TASK GOAL:
When you write out the listing below, keep each word exactly as it stands and drop the pictures.

DATA:
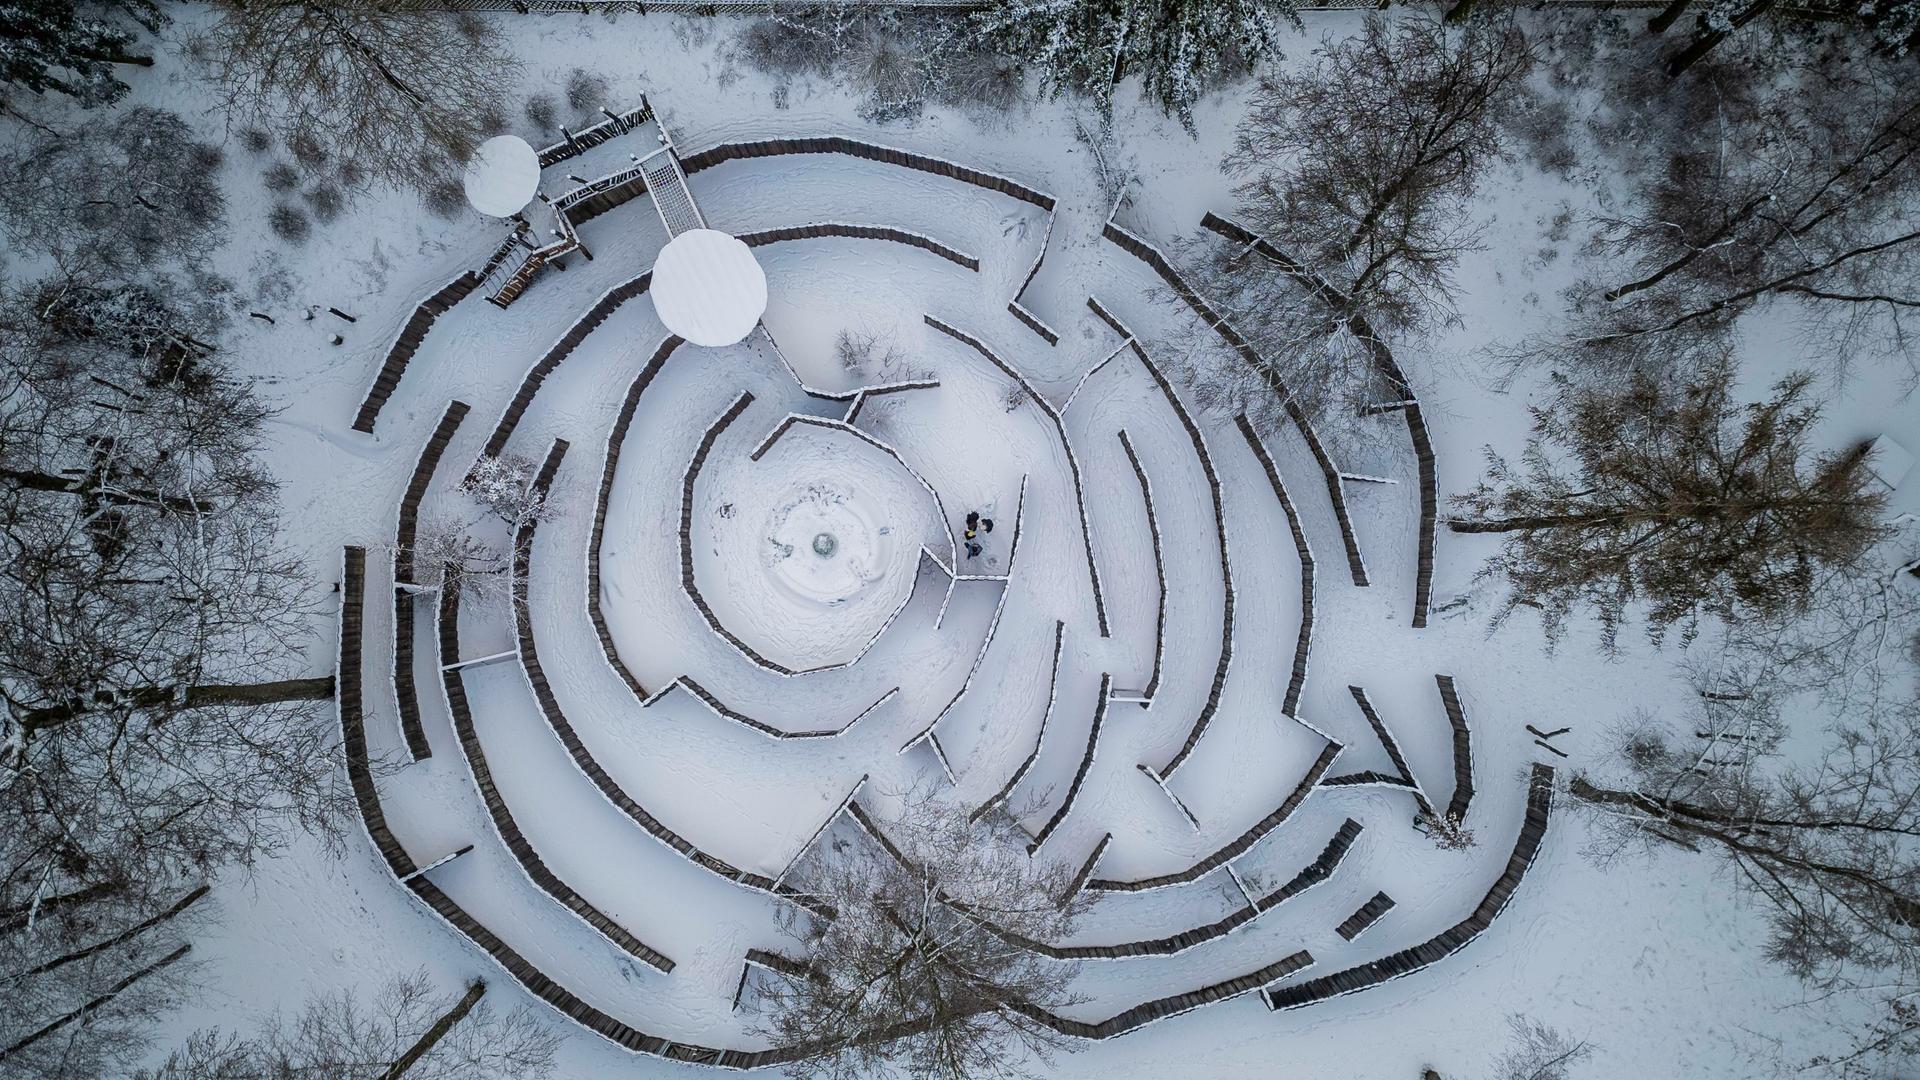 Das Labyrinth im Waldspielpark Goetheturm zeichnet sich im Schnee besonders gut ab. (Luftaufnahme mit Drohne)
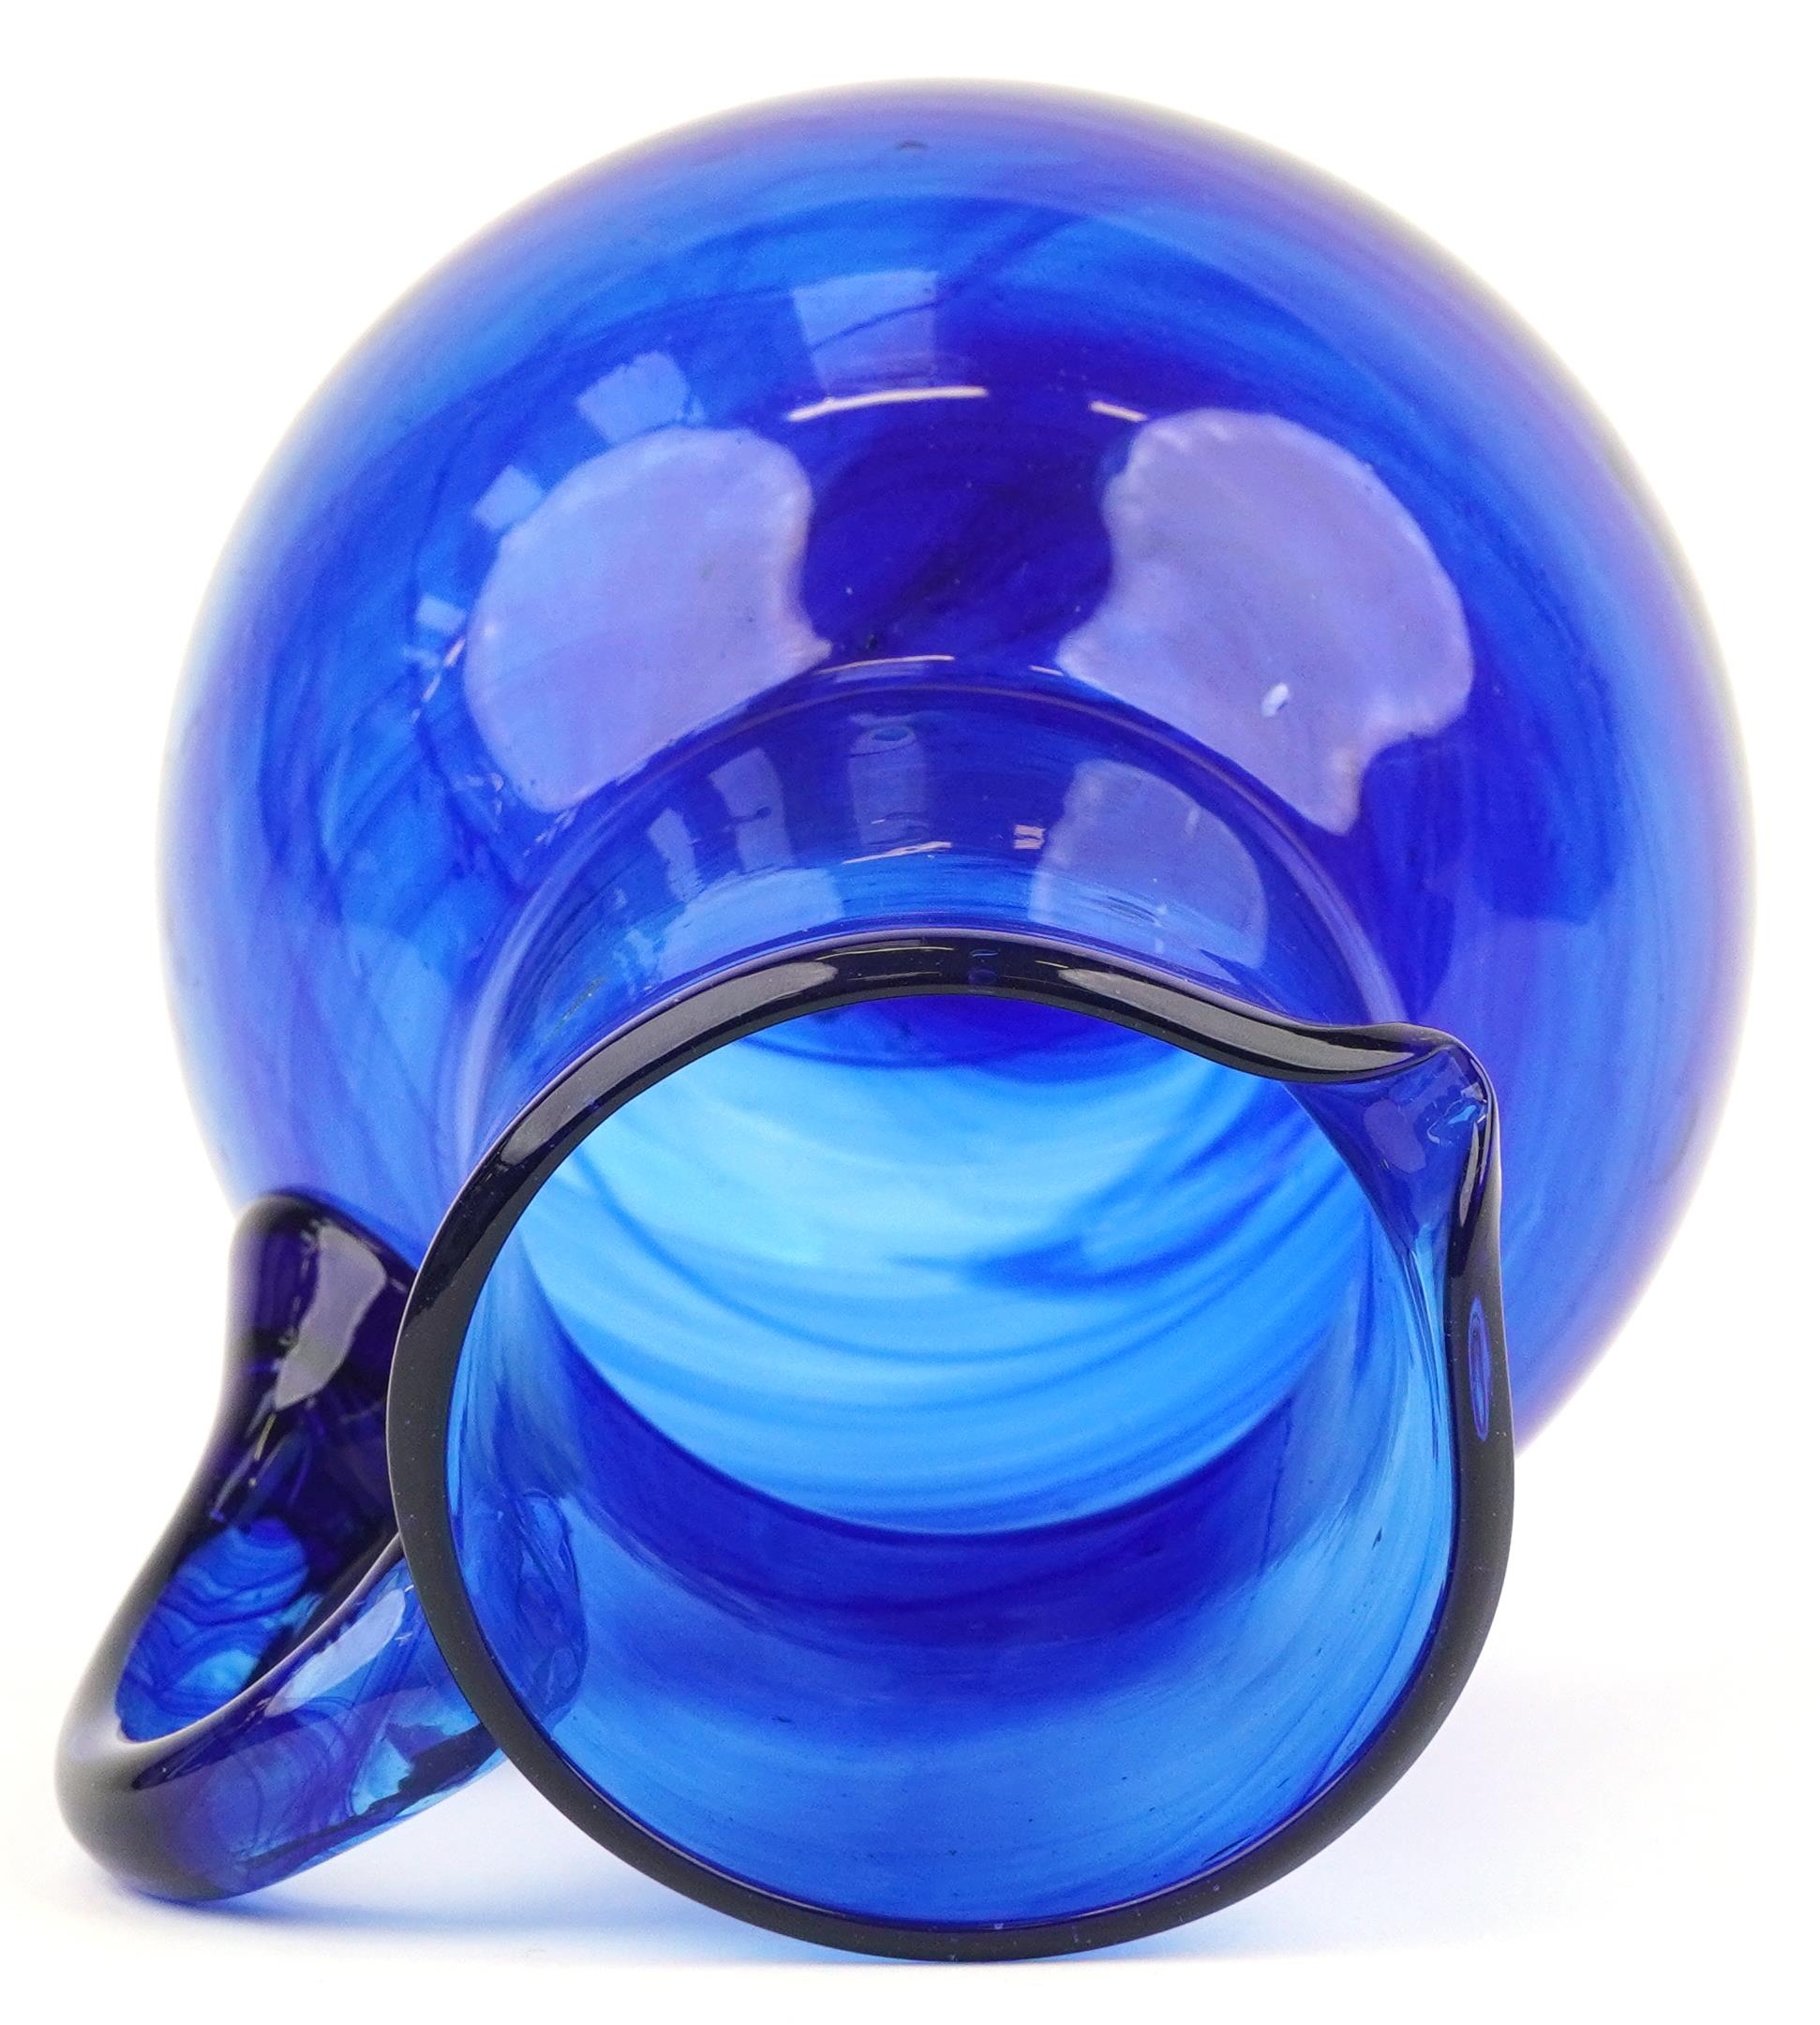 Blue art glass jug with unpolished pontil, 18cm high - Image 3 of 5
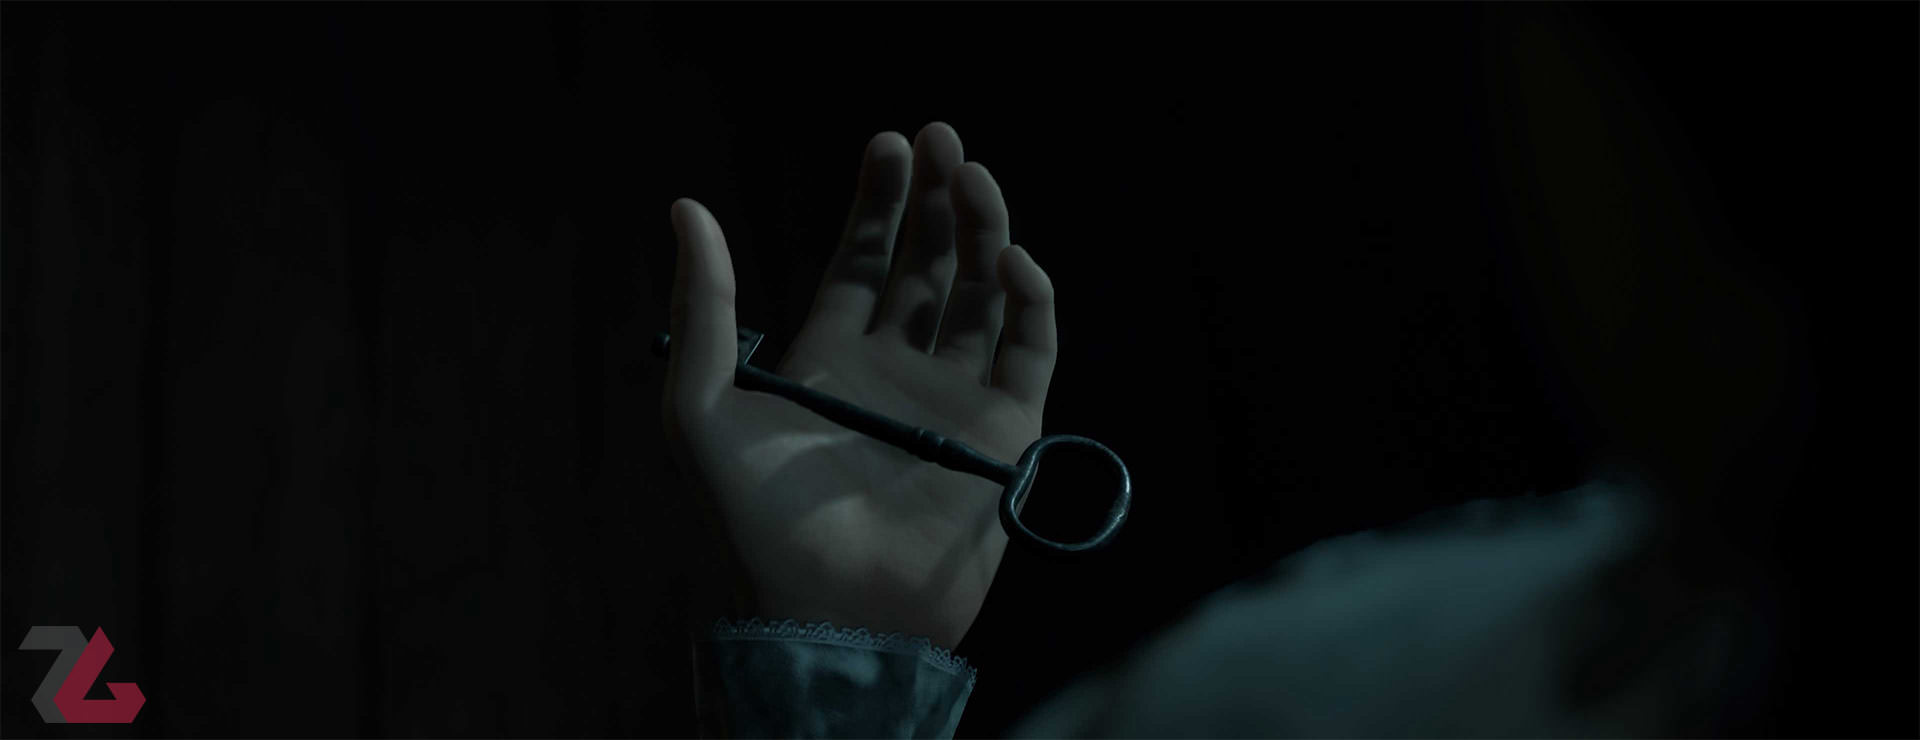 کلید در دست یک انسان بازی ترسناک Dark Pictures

REPLY TO THE TASK:
 Das Labyrinth im Waldspielpark Goetheturm zeichnet sich im Schnee besonders gut ab. (Luftaufnahme mit Drohne)
 Blue art glass jug with unpolished pontil, 18cm high - Image 3 of 5
 کلید در دست یک انسان بازی ترسناک Dark Pictures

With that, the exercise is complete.